Türkiye Büyük Millet Meclisi (TBMM), bugün haftalık mesaisine yılın en tartışmalı yasal düzenlemelerinden biri olan 11. Yargı Paketi ile başlıyor. Genel Kurul’da 23-25 Aralık tarihlerinde görüşülmesi beklenen teklifin, yılbaşından önce yasalaşarak yürürlüğe girmesi hedefleniyor.

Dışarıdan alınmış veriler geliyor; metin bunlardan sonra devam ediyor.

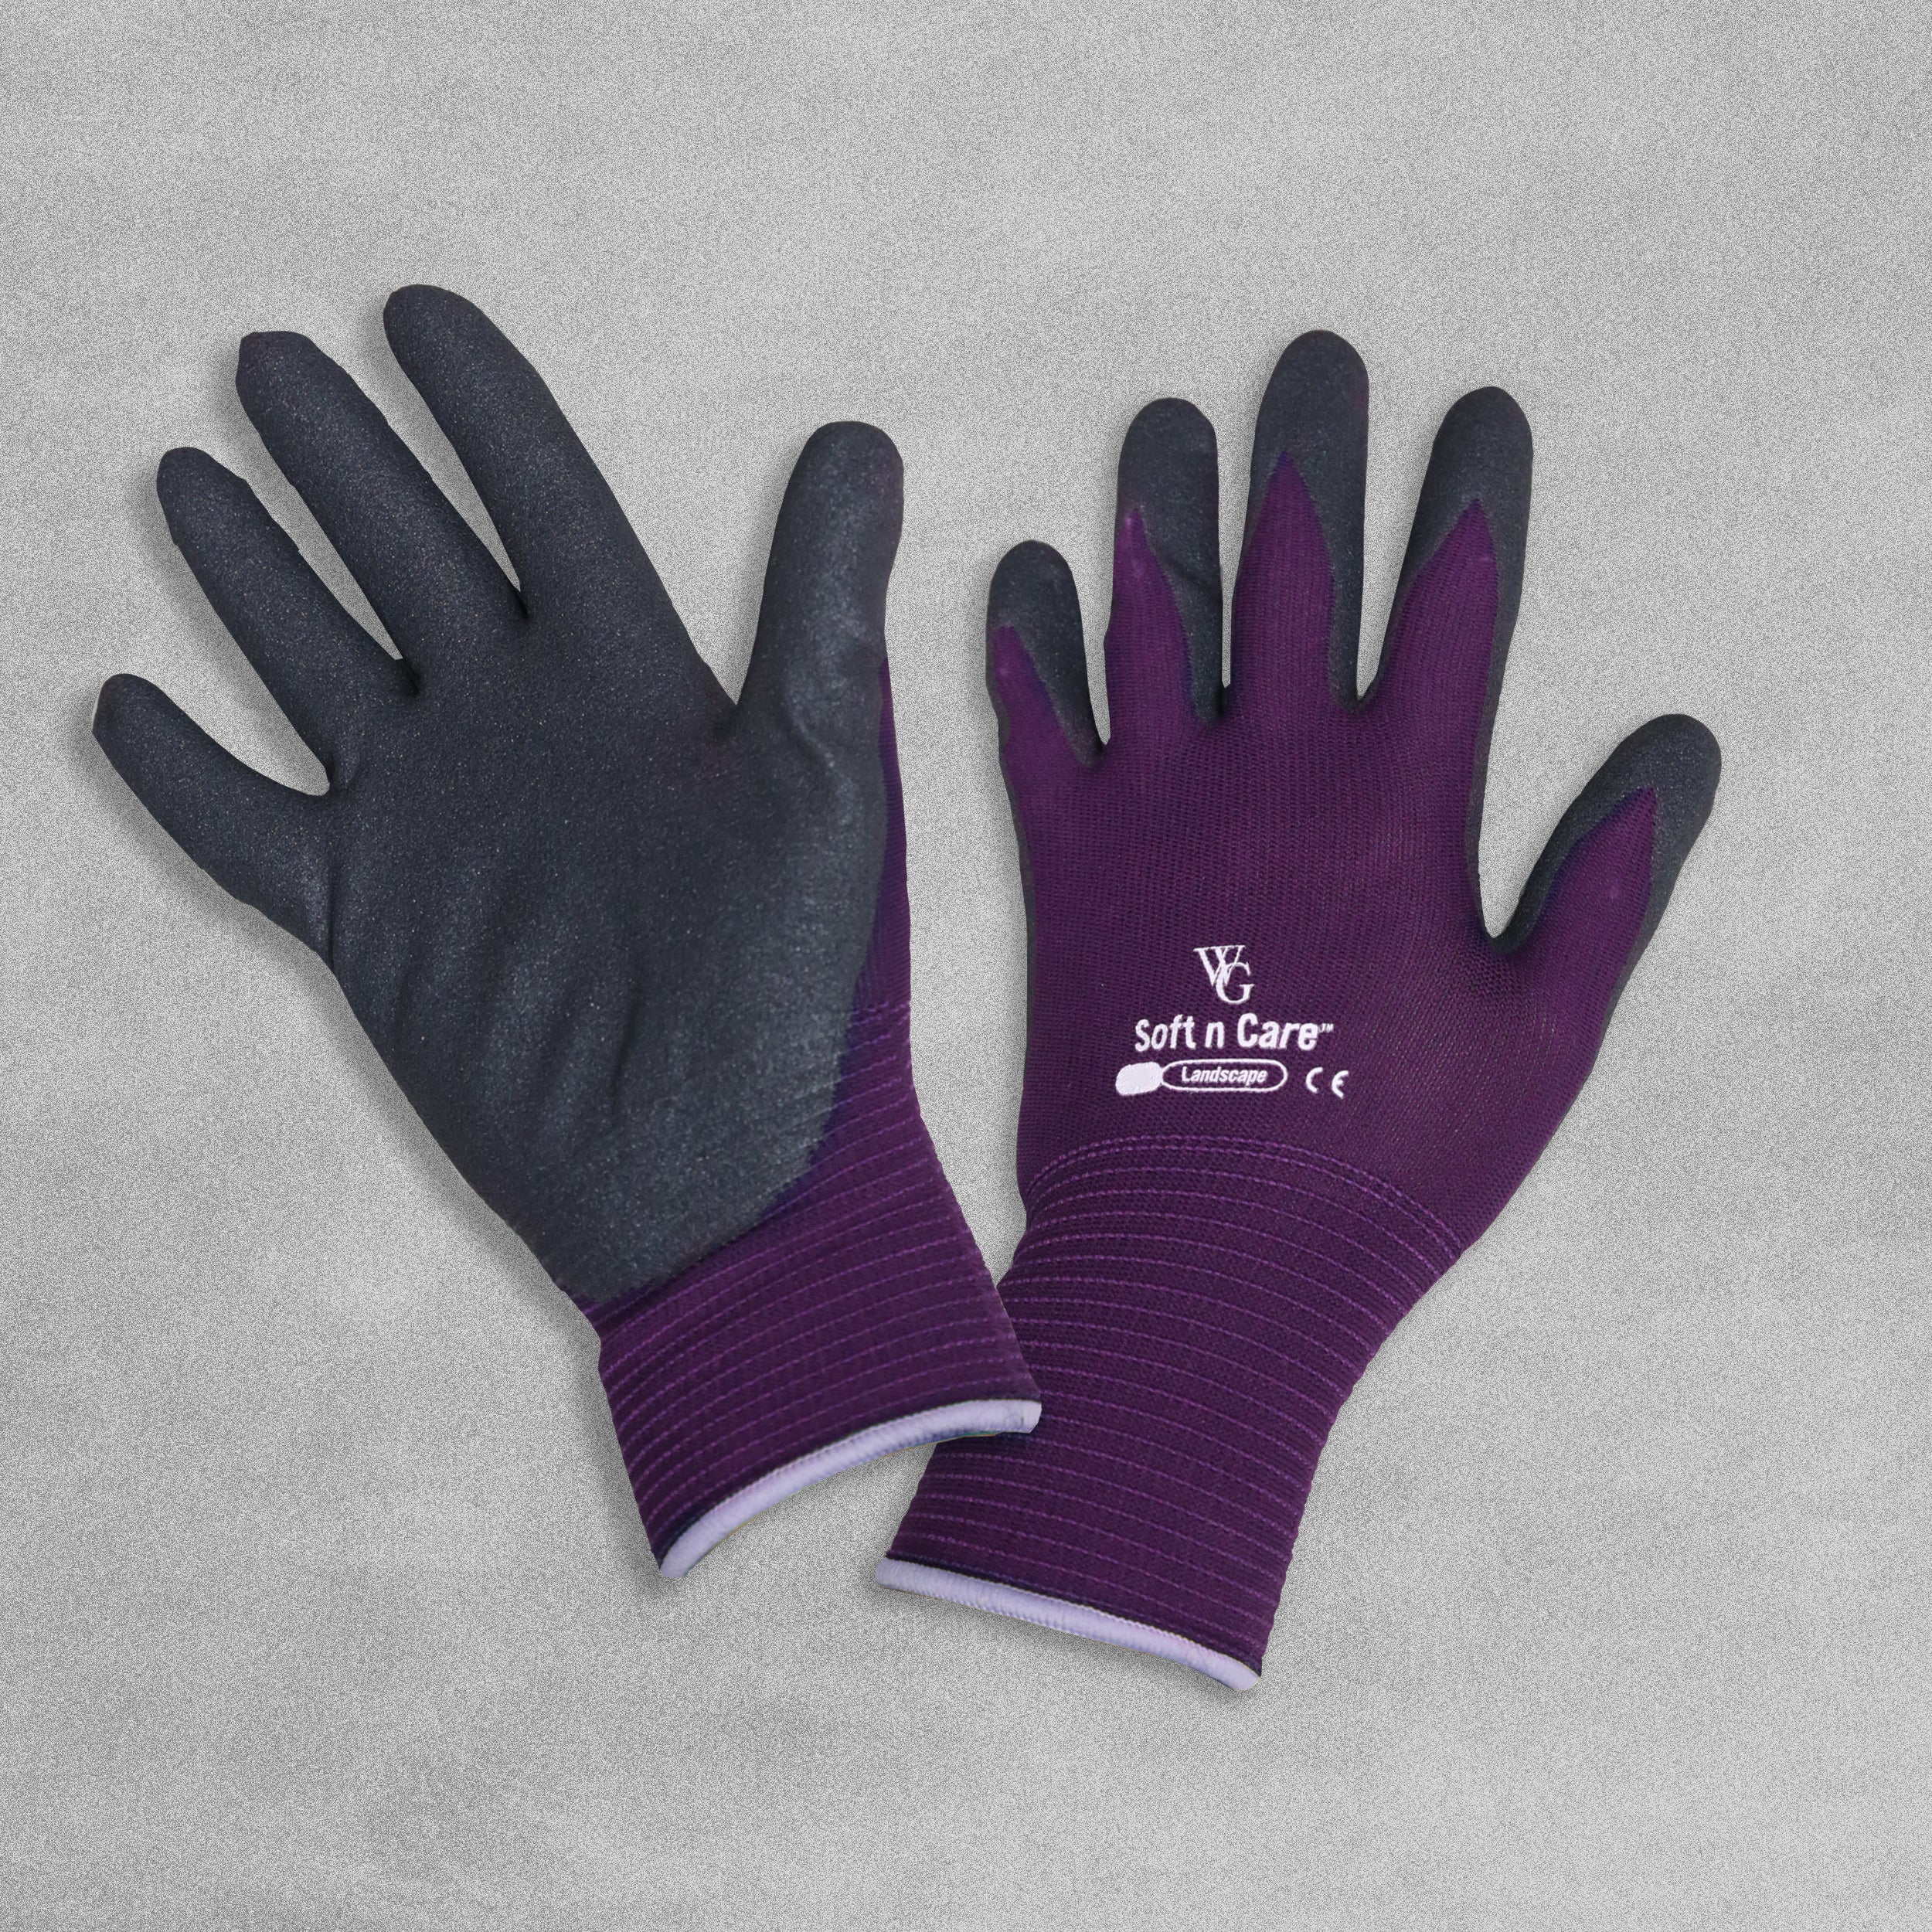 Soft n Care Garden gloves - purple

İnfaz Rejiminde “3 Yıl Erken Tahliye” Formülü ve İstisnalar
Kamuoyunda en büyük yankıyı uyandıran düzenleme, cezaevlerinde geçirilecek süreyi doğrudan etkileyen infaz iyileştirmesi oldu. Yeni teklife göre, 31 Temmuz 2023 ve öncesinde işlenen belirli suçlardan hüküm giyenler; kapalı cezaevinden açık cezaevine, oradan da denetimli serbestliğe geçiş süreçlerini tam 3 yıl erkene çekebilecek. Ancak bu avantajlı tablo, her suç grubu için geçerli olmayacak. Özellikle terör ve örgütlü suçlar ile toplum vicdanını derinden yaralayan kasten öldürme, cinsel saldırı ve çocuk istismarı gibi suçlar bu kapsamın tamamen dışında bırakıldı. Siyasi kanatta ise Gezi davası hükümlüleri ile Selahattin Demirtaş ve Figen Yüksekdağ gibi isimlerin de bu indirimden yararlanamayacak olması, düzenlemenin sınırlarını net bir şekilde çiziyor.

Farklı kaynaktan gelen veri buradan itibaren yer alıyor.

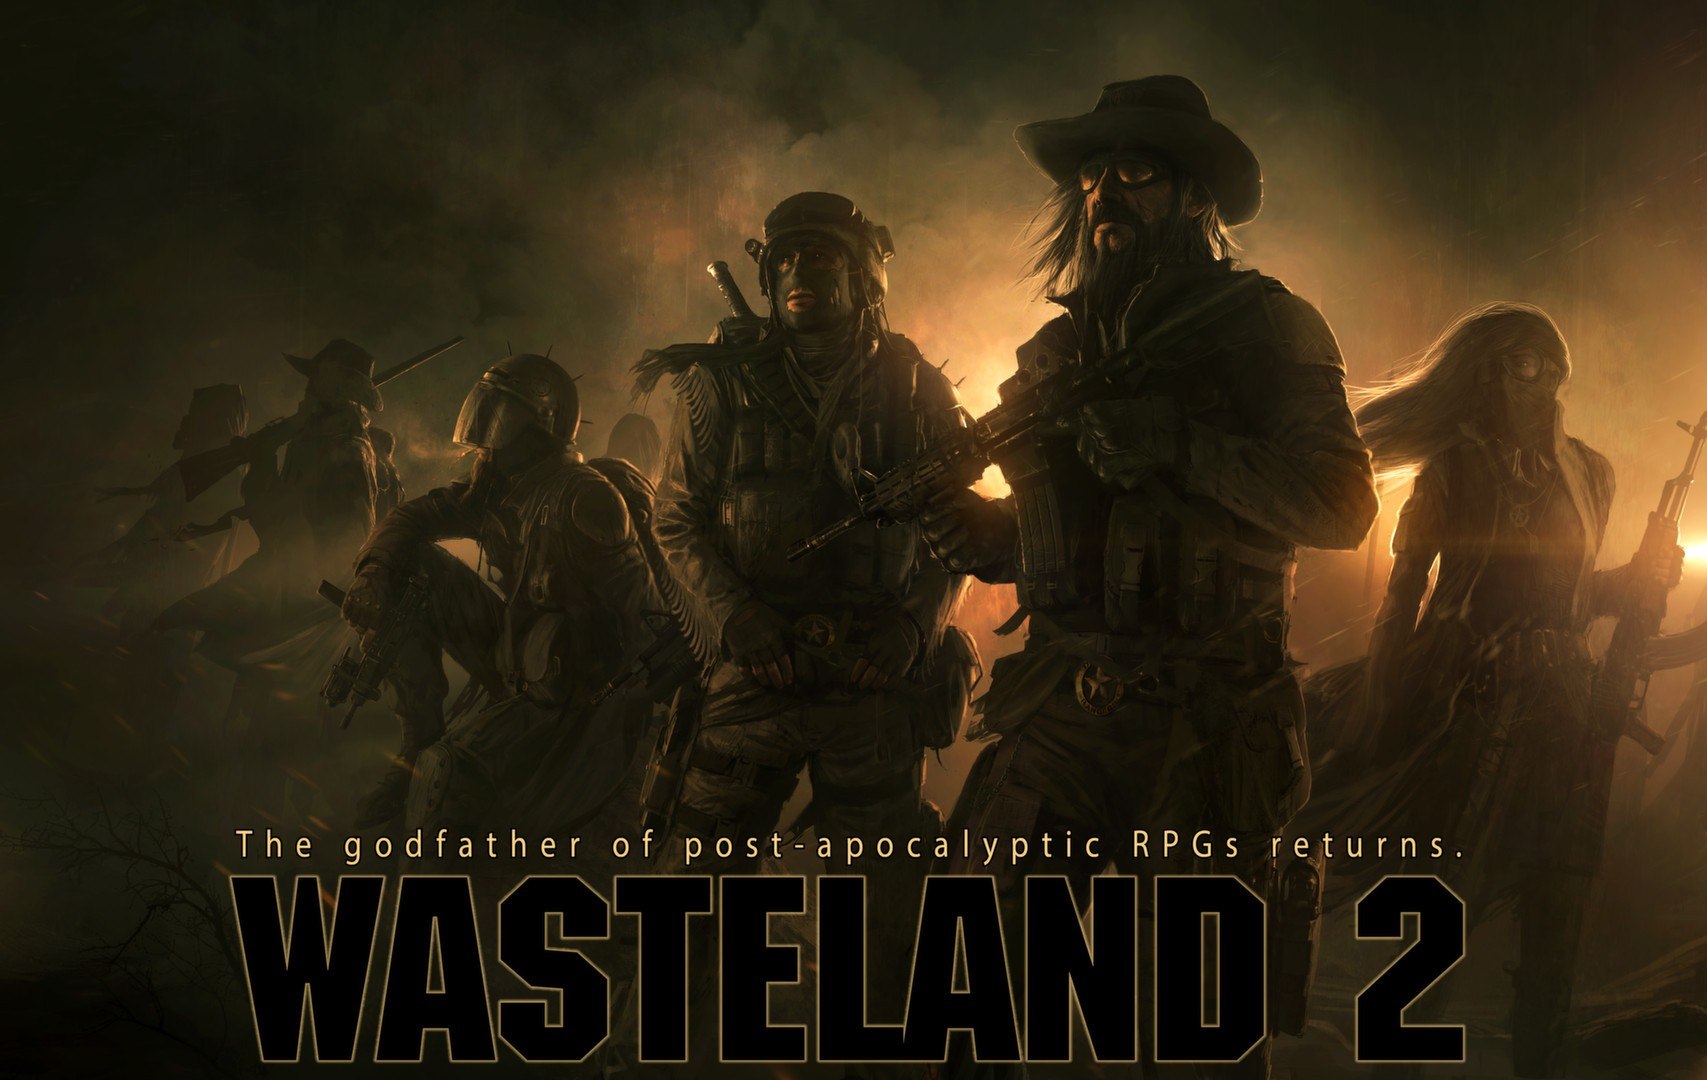 Wasteland 2: Director's Cut - Classic Edition Steam CD Key 11.19$

27. Madde Bilmecesi: Deprem Mağdurları İçin Kritik Dönemeç
Teklifin en sancılı noktasını ise tartışmalı 27. madde oluşturuyor. Mevcut metin; “olası kastla insan öldürme” ve “taksirle ölüme sebebiyet verme” suçlarını kapsadığı için 6 Şubat depremi davalarında yargılanan sanıklara da tahliye yolunu açıyor. Bu durumun depremzede ailelerde yarattığı büyük infial, Meclis kulislerini hareketlendirdi. Yakınlarını kaybeden ailelerin siyasi parti gruplarına yaptığı ziyaretler meyvesini vermeye başlarken, CHP Grup Başkanvekili Ali Mahir Başarır’ın iktidar ve MHP kanadıyla yürüttüğü trafik, bir revizyon sinyali verdi. Başarır, 27. maddenin deprem mağdurlarını üzmeyecek şekilde yeniden düzenleneceğini ya da tamamen kapsam dışı bırakılacağını belirterek, Adalet Komisyonu üyelerinin bugün bu “hassas denge” üzerinde son bir çalışma yapacağını duyurdu.

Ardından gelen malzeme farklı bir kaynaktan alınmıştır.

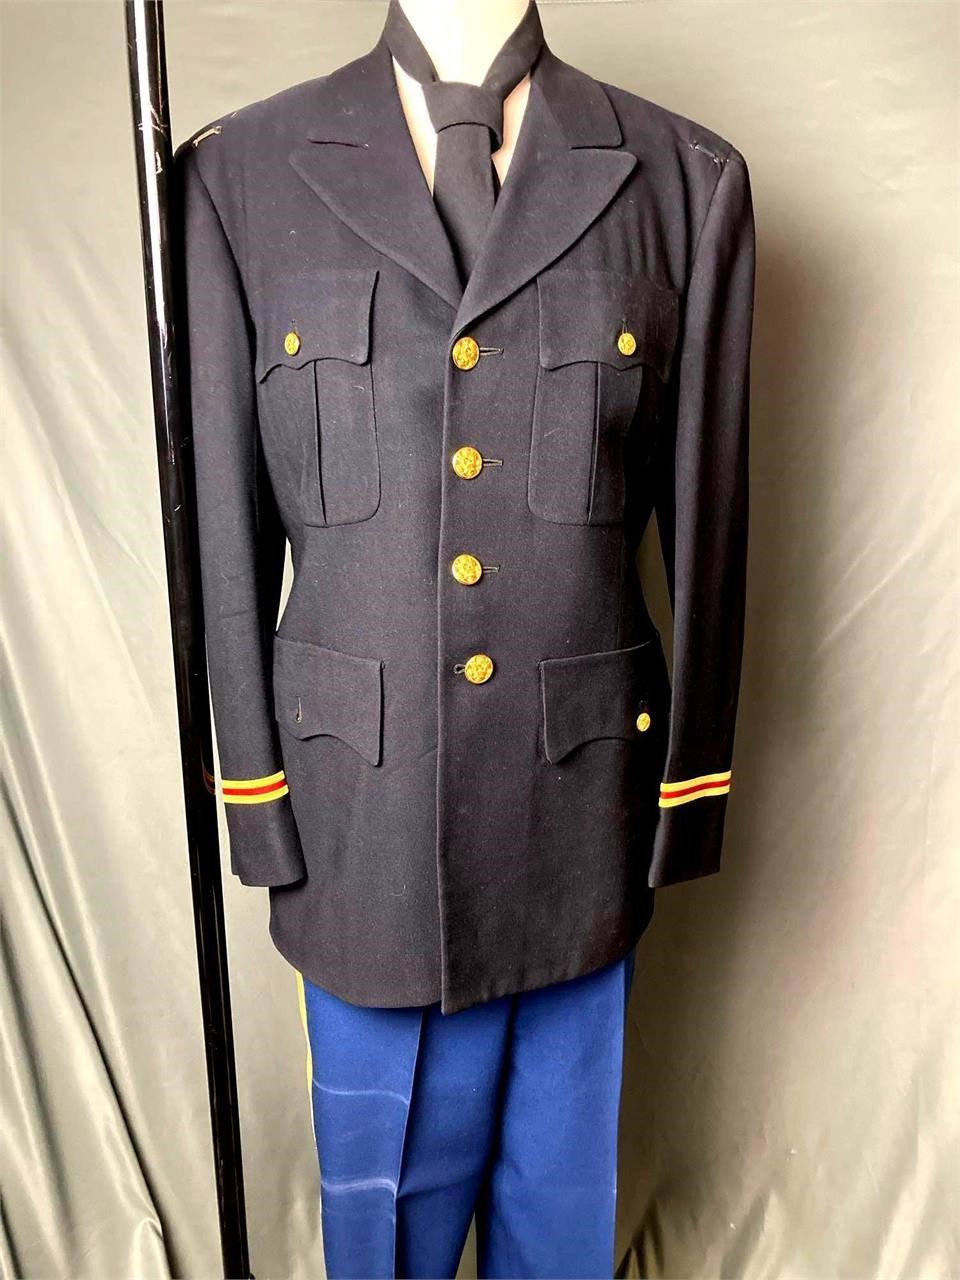 U.S. Army Formal Dress Uniform Vietnam Era

Toplumsal Güvenlik: Silah ve Örgüt Suçlarına Ağır Yaptırım
Paket, infaz indirimlerinin yanı sıra toplumsal güvenliği tehdit eden unsurlara karşı ceza duvarını da yükseltiyor. Özellikle çocukların örgüt faaliyetlerinde araç olarak kullanılmasına karşı “sıfır tolerans” ilkesi getirilerek, örgüt yöneticilerine verilecek cezaların bir katına kadar artırılması öngörülüyor. Sokaktaki huzuru hedef alan “maganda kurşunu” ve kurusıkı silah kullanımı da artık daha ağır bedellerle karşılanacak. Düğün, nişan gibi toplu alanlarda havaya ateş açanlara 5 yıla kadar hapis yolu açılırken; kurusıkı silahlar da genel güvenliği tehlikeye sokma kapsamına alınarak hapis cezasıyla ilişkilendirildi. Ayrıca trafik güvenliğini sarsan taksirle yaralamalarda ceza alt sınırları yukarı çekilirken, ulaşım araçlarının hareketini engellemek de artık ağır yaptırımların merkezine yerleşti.
Yeni Bir Eşitsizlik mi, İhtiyaç mı?
Güveni kötüye kullanma suçunun motorlu taşıtlar üzerinde işlenmesi durumunda cezanın bir kat artırılmasını da içeren paket, hukuk çevrelerinde “parçalı infaz rejimi” eleştirilerine neden olsa da iktidar kanadı düzenlemenin cezaevi yoğunluğunu yönetmek ve toplumsal huzuru korumak için gerekli olduğunu savunuyor.